Oil producers have been asked to formally express their interest in exploring the Alaska National Arctic Wildlife Refuge, with a potential lease sale taking place just days before Joe Biden takes office in January
The Trump administration has accelerated plans to sell leasing rights for oil exploration in the Alaska National Arctic Wildlife Refuge (NAWR), in a final-hour push to open up the previously off-limits region to producers.
The US Bureau of Land Management (BLM) issued a “call for nominations and comments” on 32 tracts covering 1.6 million acres of the ANWR’s Coastal Plain, through which interested companies can identify drilling sites to be bid for in an upcoming lease sale
It sets up the potential for drilling rights to be auctioned just days before the inauguration of president-elect Joe Biden on 20 January.
Biden campaigned on his intention to ban oil and gas production in the Alaskan wilderness, rolling back steps taken by President Trump to open it up to oil companies.
Firms now have until 17 December to register their interest in the lease sale, which could begin as soon as 30 days later.
“Receiving input from industry on which tracts to make available for leasing is vital in conducting a successful lease sale,” said BLM Alaska state director Chad Padgett. “This call for nominations brings us one step closer to holding an historic first Coastal Plain lease sale, satisfying the directive of Congress in the 2017 Tax Cuts and Jobs Act and advancing this administration’s policy of energy independence.”
The American Petroleum Institute, a trade body, welcomed the development, saying it is “long overdue and will create good-paying jobs and provide a new revenue stream for the state” in a statement carried by the New York Times.
Challenging market may dampen appetite for Alaska oil exploration
It remains to be seen what level of interest the call for nominations will attract. Alaska has long been coveted by the oil industry, with estimates of around 11.8 billion barrels of recoverable resources in the region – although seismic assessments have not been carried out since the 1980s.

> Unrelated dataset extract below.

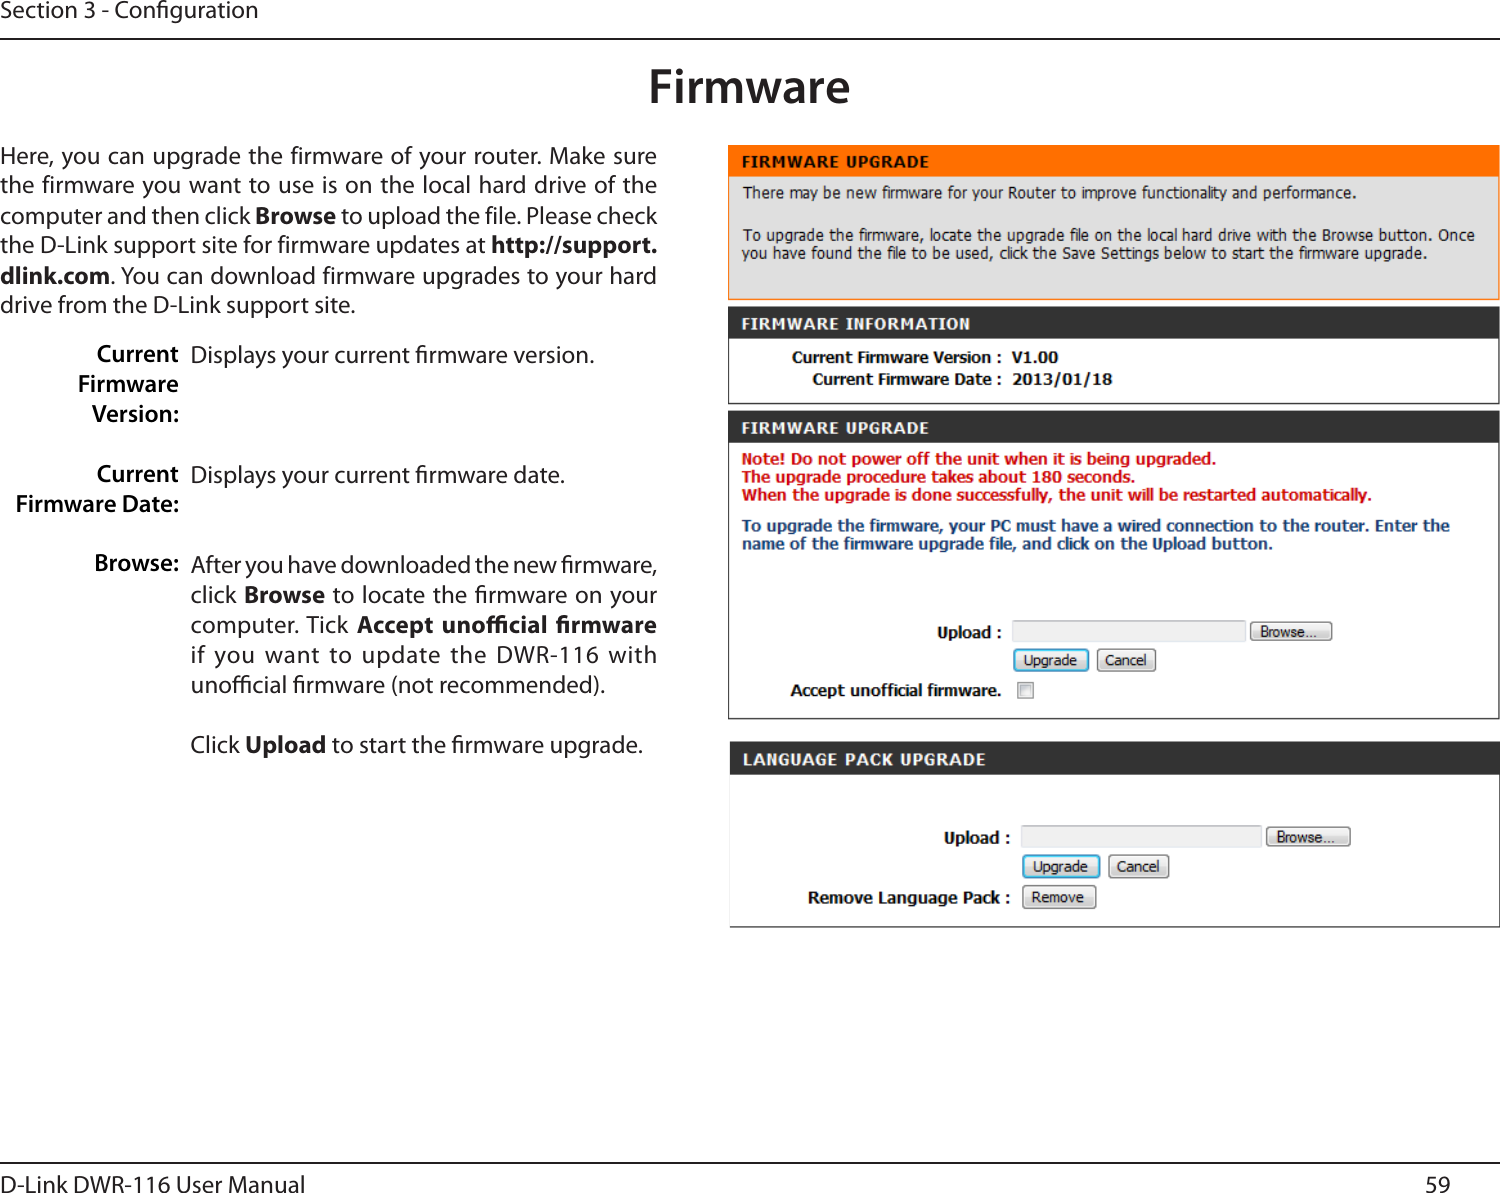 59D-Link DWR-116 User ManualSection 3 - CongurationFirmwareDisplays your current rmware version.Displays your current rmware date.After you have downloaded the new rmware, click Browse to locate the rmware on your computer. Tick Accept  unocial  rmware if you want to update the  DWR-116 with unocial rmware (not recommended).Click Upload to start the rmware upgrade.Here, you can upgrade the firmware of your router. Make sure the firmware you want to use is on the local hard drive of the computer and then click Browse to upload the file. Please check the D-Link support site for firmware updates at http://support.dlink.com. You can download firmware upgrades to your hard drive from the D-Link support site.Current Firmware Version:Current  Firmware Date:Browse:

Democratic lawmakers and pressure from environmental groups has kept the area – prized as a vast, unspoiled natural habitat – off limits since the Ronald Reagan administration, but President Trump has succeeded in pushing through legislation that would allow drilling to begin.
But at a time when companies are facing unprecedented financial stress amid the pandemic – as well as shrinking demand and longer-term pressure to diversify away from fossil fuels as the industry pivots to clean energy – an expensive, uncertain, and reputation-risking move into the ANWR may not be as attractive as it once was.
“The recoverable reserves from within the ANWR will require additional exploration and appraisal, which, in the current investment climate, is an expenditure few operators can afford,” said Adrian Lara, a senior oil and gas analyst at research firm GlobalData.
“In the event of successful discoveries, there is also the issue of the new infrastructure needed for development. This is in a region where weather conditions provide only a few months for an optimal work environment and where the cost of projects increases as the weather worsens.”
Rystad Energy, an analysis group, recently suggested that while global oil-exploration activities are expected to remain resilient despite the pandemic, strategies will be scrutinised more closely than before, and “only the [projects] with the highest chance of success will see a spinning drillbit”.
“Companies will be less willing to drill high-risk wells in environmentally-sensitive frontier areas, both for financial and environmental reasons,” the group added. “As a result, the full petroleum potential of areas like the Alaskan Arctic, Foz do Amazonas in Brazil and the Barents Sea may never be unlocked.”